Denizli’ye geldiğimde şehrin en sosyetik semtinde yaşayacağım diye (görmemişlik böyle bir şey işte) gittim kocaman bir çatı arası tuttum. Yani o semtte ara kat daireler çok pahalı olduğundan; büyük teraslı, geniş ve oldukça lüks bir çatı arasında çok makul bir kira karşılığında yaşıyorum. Ama işte sonradan icat ve inşa edilmiş bir çatı ev bu. Gene de evi tutarken, binanın geometrik şekline ve kat sayısına dikkat ettim. O kadar kurnazlık var bendenizde.

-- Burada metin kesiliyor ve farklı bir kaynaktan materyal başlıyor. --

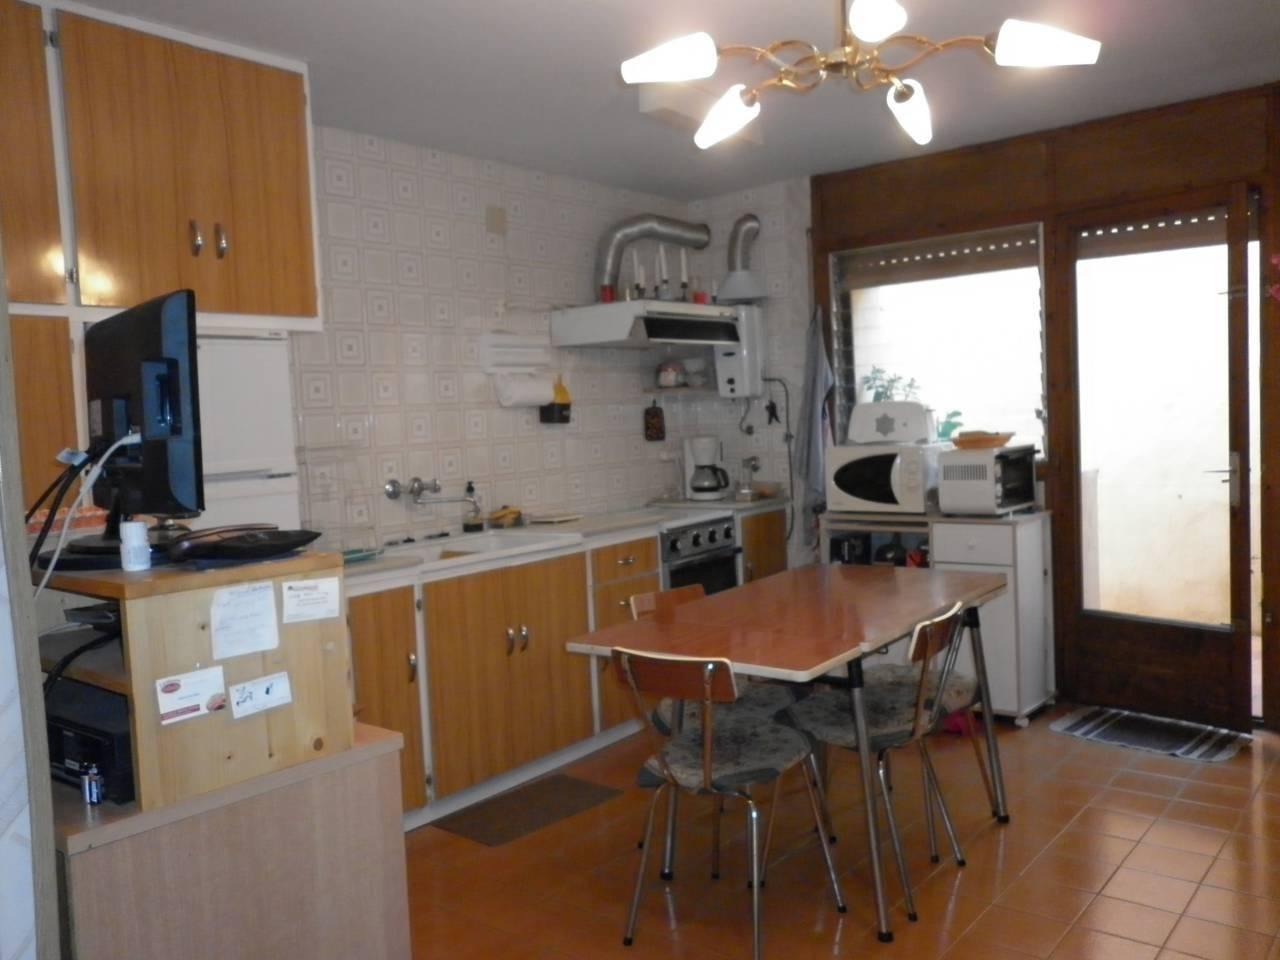 Casa  Calle jaume i. Casa adosada en venta, consta de 2 pisos independientes de 2 hab

Takip eden günlerde şehri geniş zamanlı gezerken, sonradan eklenen çatı arası ya da çatı katı ile “kiralara koşayım coştukça coşayım” düşüncesinin Denizli’de yaygın bir hastalık, bir virüs olduğunu gördüm. Abartmayayım ama, sanki her dört binadan birinde çatı üstüne ev ya da evler döşenerek fazladan daireler peydahlanmış ve böylece ek gelir elde edilmiş. Bunları gördükçe, aklıma Sergio Leone’nin ünlü spagetti kovboy filmi “Bir Avuç Dolar İçin” gelip durdu.
DAĞ YAMACINDAKİ VE DÜZLÜKTEKİ SEMTLER
Denizli’de genel olarak dağ yamacı semtlerdeki çoğu binaların sağlam “göründüğünü” söyleyebilirim, konunun teknik yönü ile hiçbir bağlantısı olmayan biri olarak sadece “görünüyorlar” diyebilirim. Saf saf bakınca göze öyle geliyor işte, mühendislikleri nasıldır bilemem ama hiç olmazsa dışarıdan derli toplu duruyor bu binalar. Fakat, bazı semtlerdeki yedi ya da sekiz katlıların bir kısmının hiç de sağlam görünmediğini hatta çürümüş gibi durduğunu da belirtmek zorundayım. Yani insan epeyce eski bir binanın sıvalarının döküldüğünü, dış cephelerin küflendiğini ve paslı demirlerin binanın dışında kaldığını görünce, böyle bir sonuca iyi kötü varabiliyor. Aksi gibi, bu sağlam görünmeyenler şehrin dağlık kısımlarına değil de tam da düzlük yerlerine inşa edilmiş. Denizli coğrafyasını biraz düşününce, dağlardan aşağı yerüstünden ve yeraltından inen derelerin tam bu düzlüklerde durgunlaşarak epeyce sıvılaşma etkisi oluşturacaklarını tahmin etmek çok zor değil. Zaten o taraflarda ünlü bir tarihi cami var ve bahçesindeki kitabeyi okursanız, o caminin 70’lerde bir iki yıl ara ile olan iki depremde ve evet HER SEFERİNDE yıkıldığını biliyorsunuz/bileceksiniz. Ama benimkiler laf, hariçten gazel okumak. Mülk sahipleri ve kiracılar evlerinin sağlamlığını teknik uzmanlara kontrol ettirmedikten sonra, hangi bina sağlam hangisi değil bilmek zor, işte ancak lafı güzaf.
DOĞRU DAVRANIŞ HANGİSİ?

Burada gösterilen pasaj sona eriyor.